Thursday, January 6, 2011

Baby Isaiah

    As I filled in the birthdays on the new years calendar I came to “Baby Isaiah” and I took a moment to thank God for the blessing our unborn baby is to us and for how far the Lord has brought me. In the past when I would see this day a flood of emotions would overwhelm me, like “What does our baby look like?”, “Why was he taken away?”, “If only I could have held him”, and I would throw out question after question to God. I would tell myself He is control and He has a reason for everything but I wasn’t acting it or really believing it. A few years later we had Peyton and some of my fears subsided, until it happened a second time. This brought about even more questions like “how could You put me through this again?”. The pain and grief of a miscarriage is often one that is unspoken. One we think we carry alone, even our husbands haven’t felt the physical aspects of bonding with the baby you’re carrying and then the pain of losing it.
    I found myself questioning Gods intentions because I couldn’t understand why. Some of life storms pass and once through them we can look back and say “I understand God and I thank you because I’m better for it” at times easier than others. I knew in my heart that God does not make mistakes and that our angels have a home far beyond what we could have provided here on earth but I still couldn’t find closure and I still didn’t understand why. Then during a Bible study I was faced with the question “when was your first real heartbreak?” and my first answer was “I think I went through most of my later childhood and teen years with a broken heart of some form.” But I quickly felt I needed a better answer, “my first REAL heartbreak?”…after some time in prayer I answered “My first REAL heartBREAK was when we lost our first baby.” After realizing that small truth about myself I went on and finished the lesson. Toward the end I read a small part that changed everything for me:
“A crushing hurt comes to our heart and the sympathizing, scarred hand of Christ presses the wound; and for just a moment, the pain seems to intensify…but finally the bleeding stops.”
Just the image of His scarred hand over my hurting heart was profound! From that moment on the way I looked at the whole situation changed. I wasn’t alone, God understood my hurt completely, and He began opening my eyes to the blessings I had because of my loss. Isaiah 40:21 says “…not one is missing or lacks anything.” People come and go from this earth every day but not one is missing, whether they are here or not there is a reason for it. Take time to read Job 38, let it sink in your heart how Mighty our God truly is.
    I may never know “why” as long as I’m on this earth but I have found a peace in knowing that God is Sovereign and He IS in control. He is our Comforter, the Mender of broken hearts and if you let Him, He will heal your every hurt.
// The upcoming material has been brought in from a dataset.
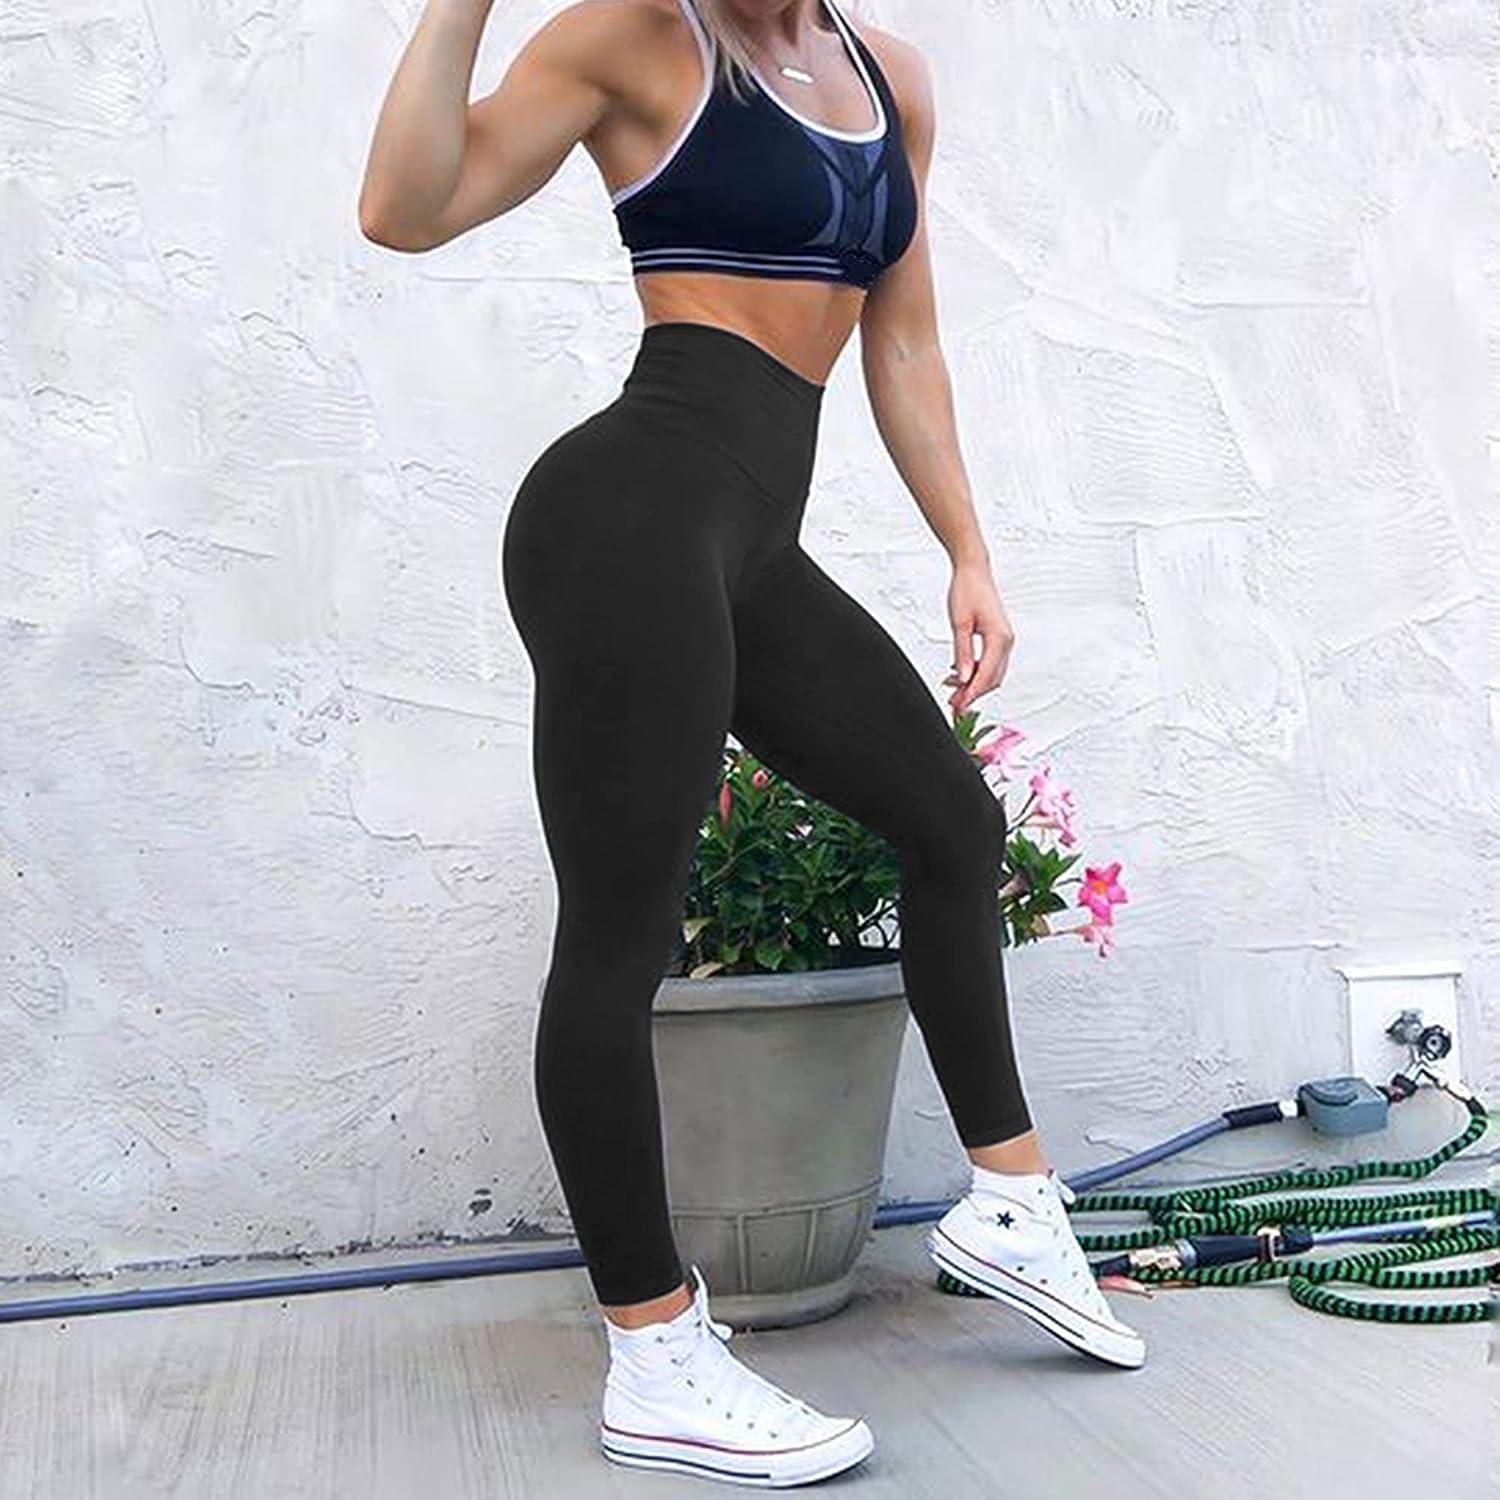 MOOSLOVER Seamless Butt Lifting Workout Leggings for Women High

    As I wrote his birthday down on our calendar, although a part of me will always be sad, I finally am able to see the blessings that have come. Believe it or not there are more than what I could write here. One of the biggest is the fact that I’m a better mother to my babies I have here with me. I honestly see them as gifts from God and I do my very best to not take them for granted. It brought my husband and I closer together and we each gained a much greater respect and love for our Lord. Our babies are sitting with Jesus and He holds them now, how precious that thought is!
    If you’re going through this, don’t run away from God or blame Him. Cling to Him and search for Him and He promises He will be there for you. He will answer you and He will comfort you. I pray for you that you are able to find peace and closure. Be comforted knowing that your precious angel is sitting on God’s lap waiting for you!